Identification and characterization of a bovine herpesvirus-1 (BHV-1) glycoprotein gL which is required for proper antigenicity, processing, and transport of BHV-1 glycoprotein gH.

DNA sequence analysis of the bovine herpesvirus-1 (BHV-1) genome revealed the presence of an open reading frame named UL1 which exhibited limited homology to glycoprotein gL of herpes simplex virus-1 (S. K. Khattar, S. van Drunen Littel-van den Hurk, L. A. Babiuk, and S. K. Tikoo, Virology 213, 28-37). To identify the BHV-1 UL1 protein, rabbit antisera were prepared against two synthetic peptides that were predicted by computer analysis to encompass antigenic epitopes. Sera against both peptides immunoprecipitated a 16- to 17-kDa protein from in vitro translated in vitro transcribed mRNA, BHV-1-infected MDBK cells, and purified virions. Enzymatic deglycosylation and lectin binding assays confirmed that the BHV-1 UL1 protein contains only O-linked oligosaccharides and was named glycoprotein gL. Sera against UL22 protein immunoprecipitated a protein of 108 kDa from BHV-1-infected MDBK cells and purified virions, which was modified only by N-linked oligosaccharides and was named glycoprotein gH. Glycoprotein gL expressed by recombinant vaccinia virus was properly processed and secreted into the medium. In contrast glycoprotein gH expressed by recombinant vaccinia virus was found to be retained in the rough endoplasmic reticulum.
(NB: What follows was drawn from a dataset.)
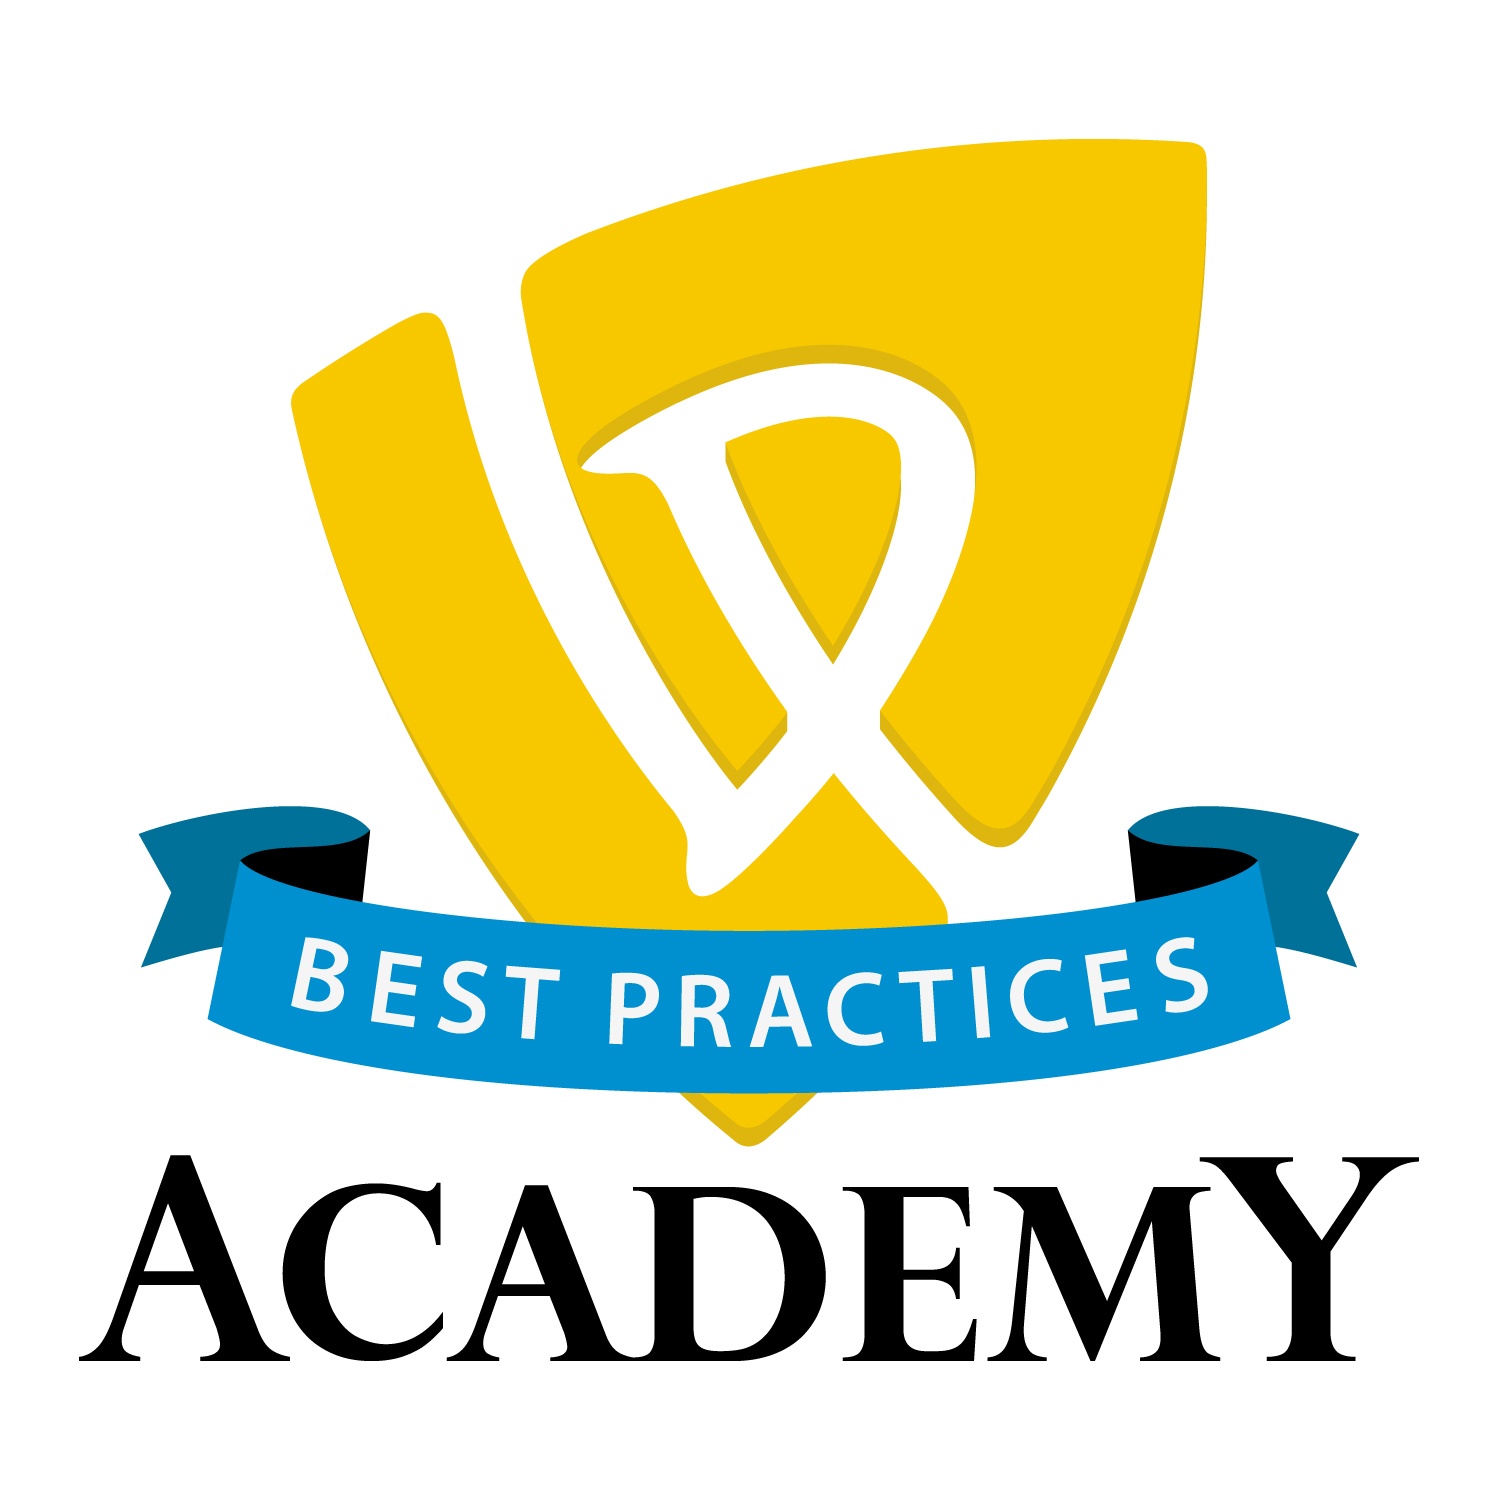 Best Practices Academy Logo Image

However, gH coexpressed with gL by recombinant vaccinia viruses was properly processed and transported to the cell surface, suggesting that complex formation between gH and gL is necessary for the proper processing and transport of gH but not gL. In addition gH--gL complex formation is also required for induction of neutralizing antibody response and anchoring of gL to the plasma membrane.
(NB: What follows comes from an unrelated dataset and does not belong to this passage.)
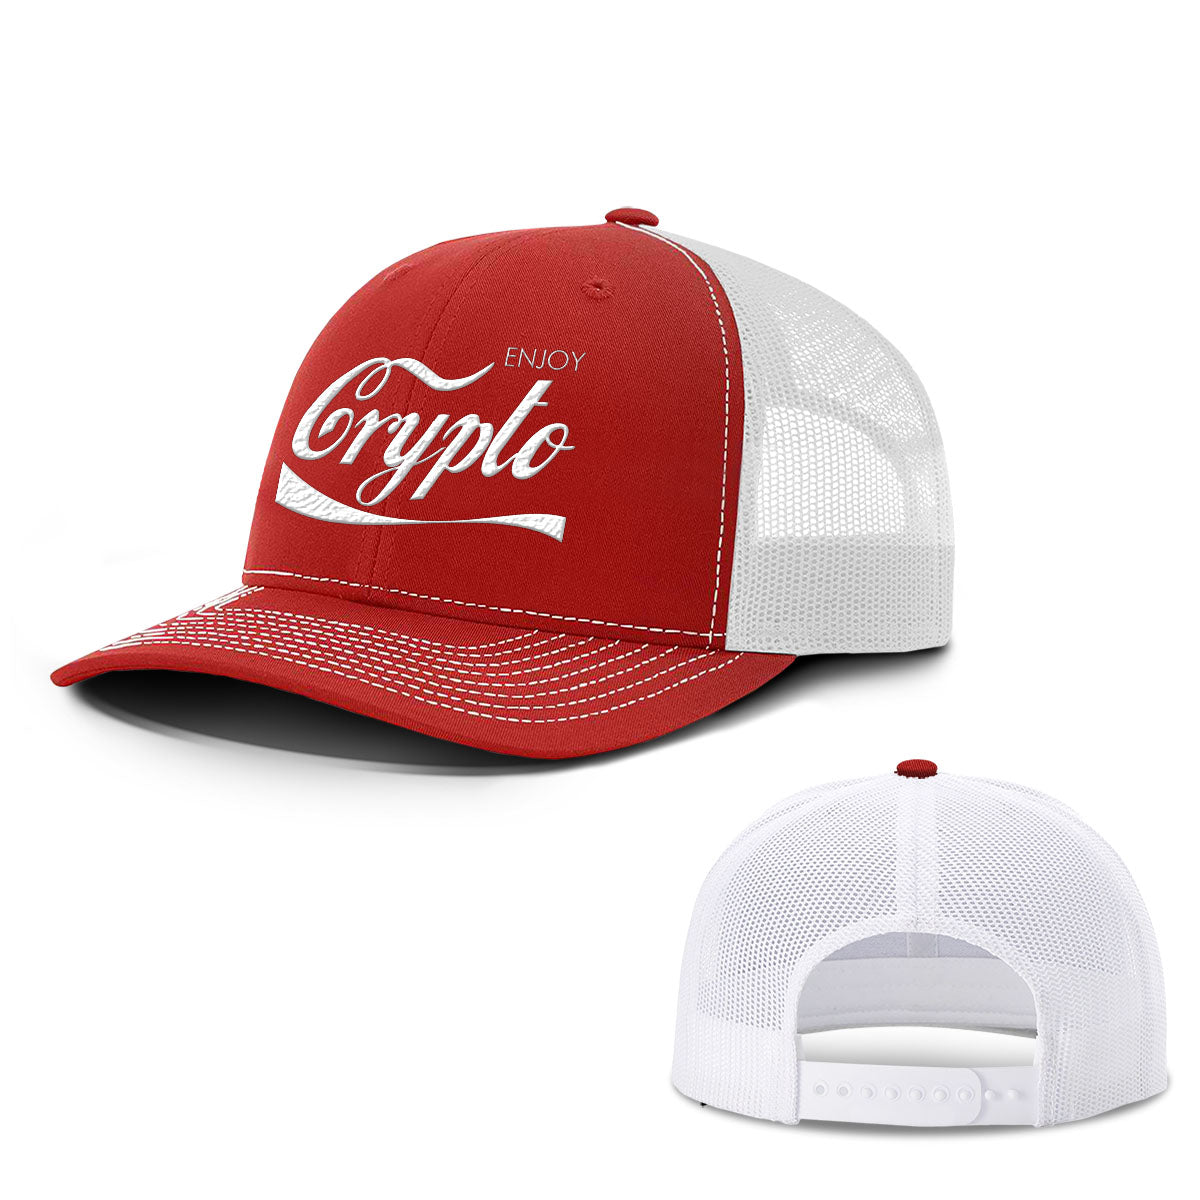 Enjoy Crypto Hats - BustedTees.com

Identification and transcriptional analysis of a 3'-coterminal gene cluster containing UL1, UL2, UL3, and UL3.5 open reading frames of bovine herpesvirus-1.
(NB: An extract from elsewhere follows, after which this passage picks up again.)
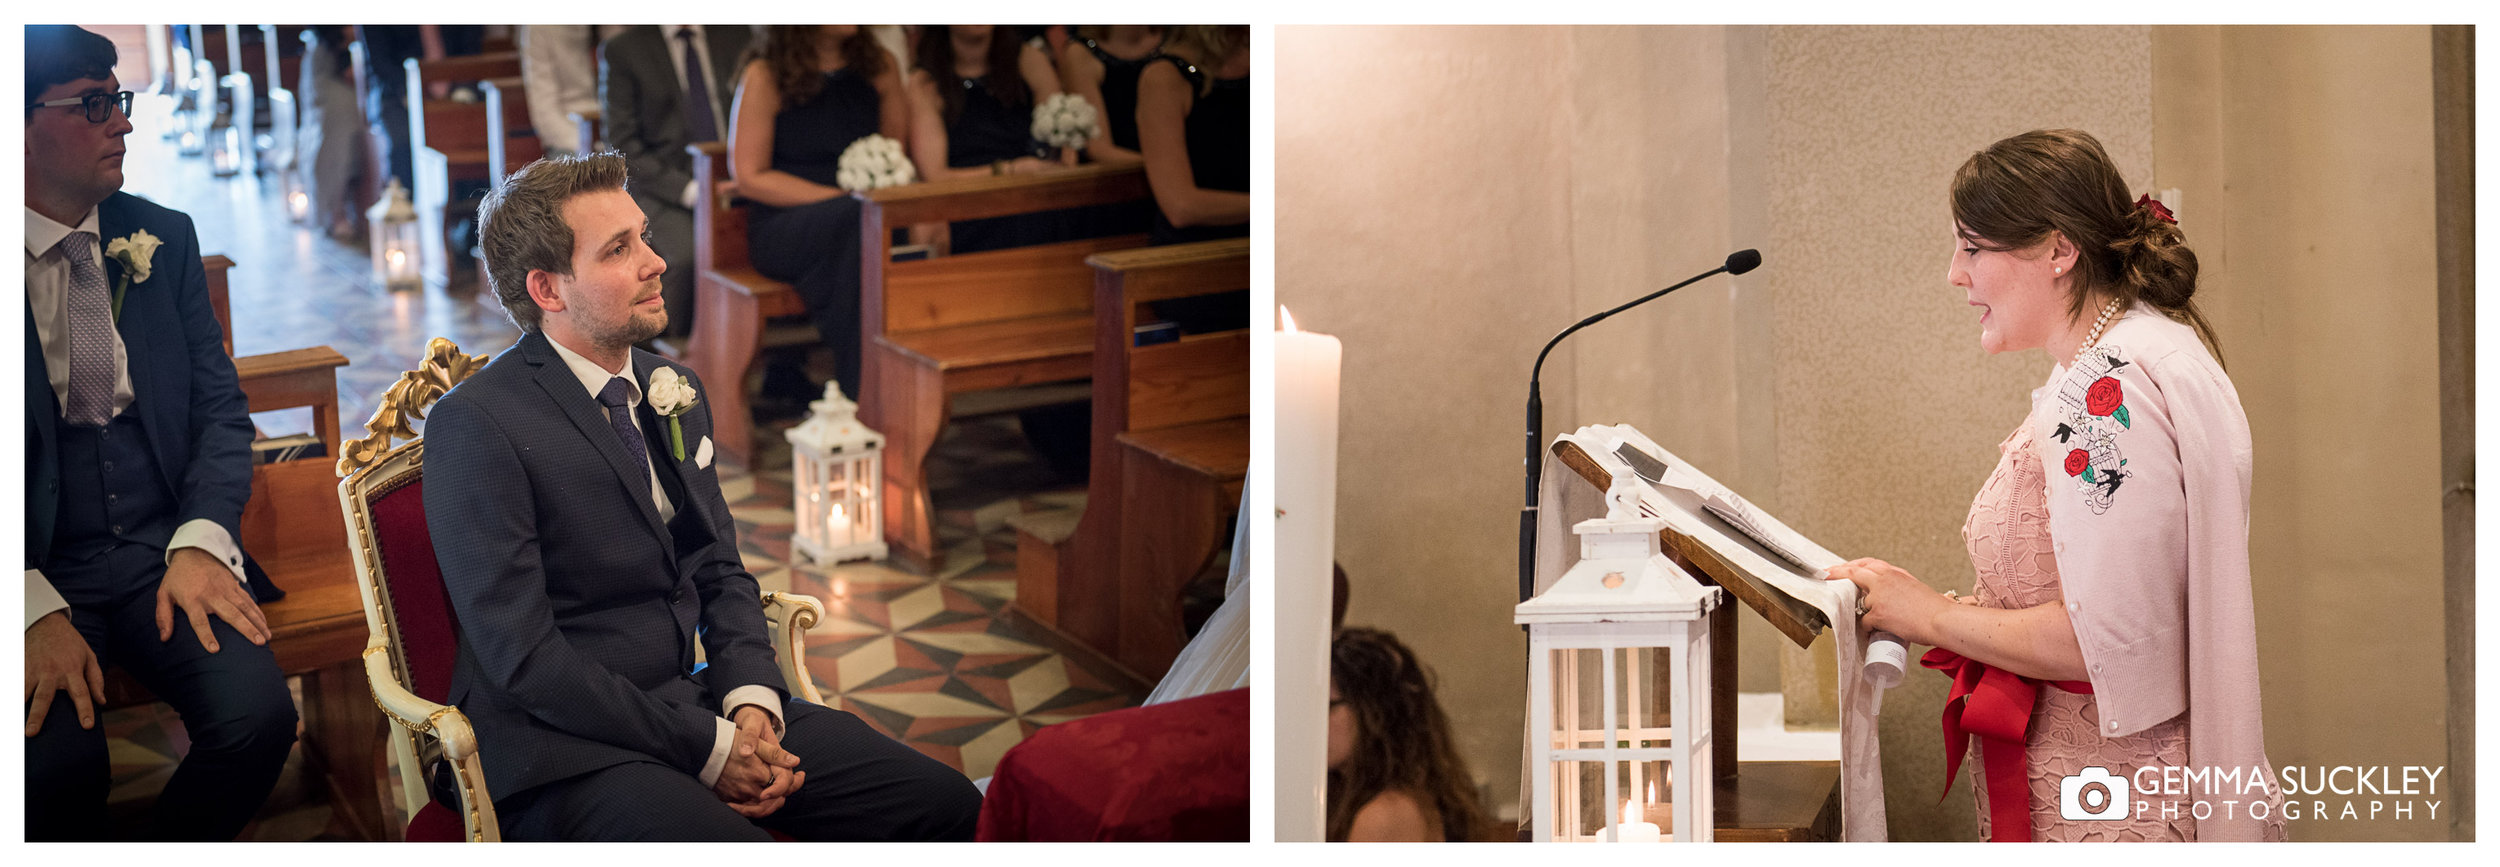 wedding reading in Lake Garda Church

We have identified and sequenced 3113 nucleotides located at the right end of the HindIII L fragment of the bovine herpesvirus-1 genome from map units 0.712 to 0.734. Analysis of the sequence identified four open reading frames (ORFs) which are designated UL1, UL2, UL3, and UL3.5 based on their homology with proteins of herpes simplex virus-1 (HSV-1), pseudorabies virus (PRV), equine herpesvirus-1, and varicella-zoster virus. The UL1 ORF of 158 amino acids exhibits limited homology with UL1 (glycoprotein gL) of HSV-1 (27%) and PRV (21%). The UL2 ORF of 204 amino acids shows significant homology to UL2 (uracil-DNA glycosylase) of HSV-1 (68%) and PRV (75%). The UL3 ORF of 204 amino acids shows significant homology to UL3 (nuclear phosphoprotein) of HSV-1 (62%) and PRV (53%). The UL3.5 ORF of 126 amino acids shows limited homology to the UL3.5 ORF of PRV (31%). The homolog of this gene is absent in HSV-1. Nucleotide sequence analyses also revealed potential TATA boxes located upstream of each ORF. However, only one polyadenylation signal was detected downstream of the UL3.5 ORF. Northern (RNA) blot analyses revealed four transcripts of 2.4, 1.9, 1.3, and 0.7 kb, which are transcribed in the same direction and are 3'-coterminal transcripts. These mRNAs appear to yield proteins encoded by UL1 (2.4 kb), UL2 (1.9 kb), UL3 (1.3 kb), and UL3.5 (0.7 kb) ORFs.